Why do we need to recover elders
We live in a world of reduction, while being told that we have unlimited possibility.
We are limited to one or two routes to truth (scientific and reason) while denying the other two vital routes of imagination and intuition.
We are increasingly limited to our access of perspective by those who control the public media space and with AI it may get much worse.
We have lost transcendence and mystery.
We have devalued myth to being something that isn’t real.
We have over-prioritised the Left Hemisphere of the brain and its dominance in all aspects of society and lost connection and the vital role of the Right Hemisphere.
We have become fixated on individualism and consumerism and lost connection with community and contribution.
We have become swallowed up in short termism and lost connection with legacy and our impact on the next seven generations.
We have become obsessed with measuring everything as the sole mark of whether it is true and reliable and lost sight of what is equally true and reliable but not easily measurable.

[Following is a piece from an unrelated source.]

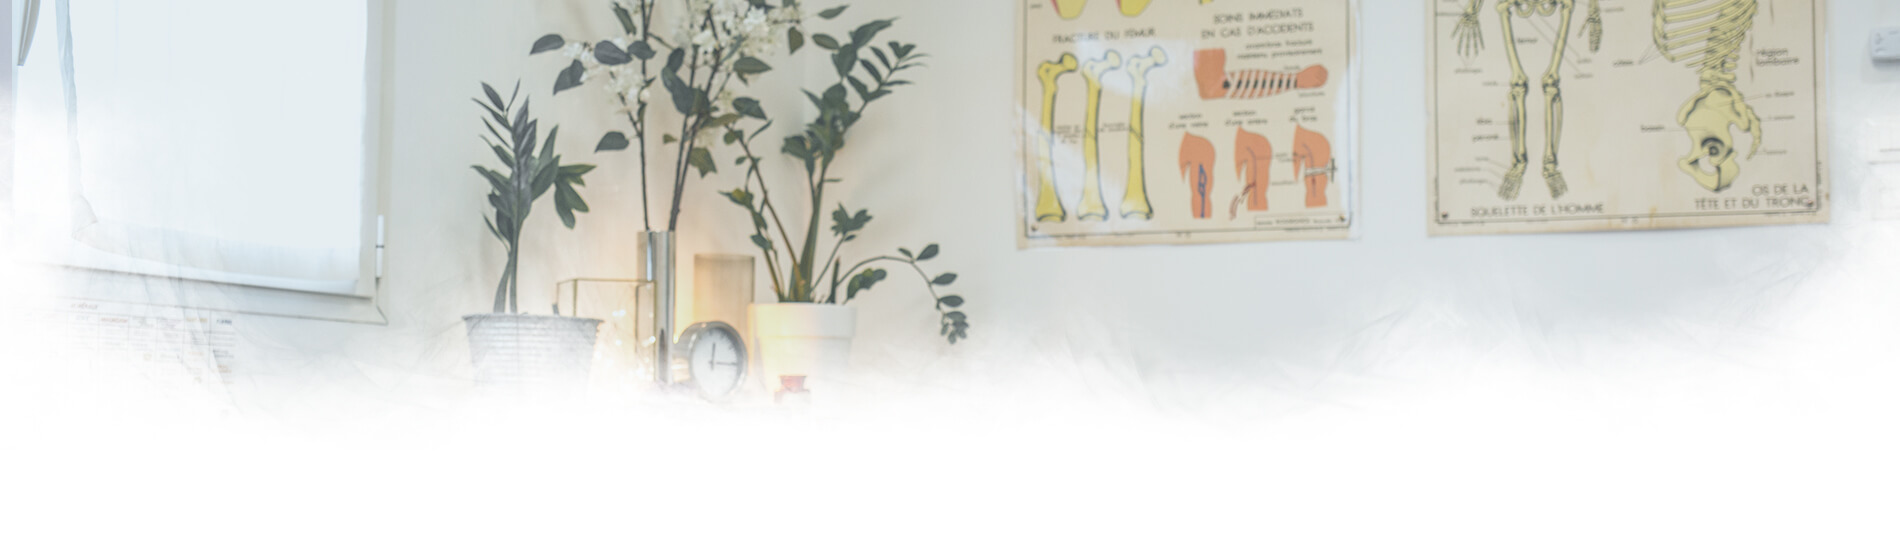 Margaux Vidal - Ostéopathe - Tarifs et Remboursements Header

We fixate on the ‘I’ and have lost the ‘Thou’
Everything has become a ‘thing’, an it, an I, something to control rather than have relationship with.
Most people agree we live in a crisis of meaning and we have forsaken the tools to discover it.
What we all share in common is our humanity and yet we have little sense of what it means to be human and how to help each other to be the best humans we can be, for both the benefit of the ecosystem we are interdependent with and each other, who we are also interdependent with. Jonathan Glovers book Humanity[1]highlights that the 20th century was the most brutal in human history, so the idea that we are evolving into better people is questionable. In many instances we know what to do but lack the political, moral and organisational leadership to act. (We know what a crisis is and how to act in a crisis, but we don’t treat the climate crisis as a crisis).
Capitalism has moved the original idea of the economy as a mutually beneficial household (Gk. oikos) into an ism that seems to be separated from social equality and justice.
Aging has become about retirement.
Aspiring youth is about accumulation and status.
Fragmentation of the basic units of community have been instrumental in leading to epidemic levels of mental health challenges.
A breaking down and collapse of social and eco systems seems to increase.
Hope for the future is now fragile in the minds of many young people.
We desperately need to recover the elders!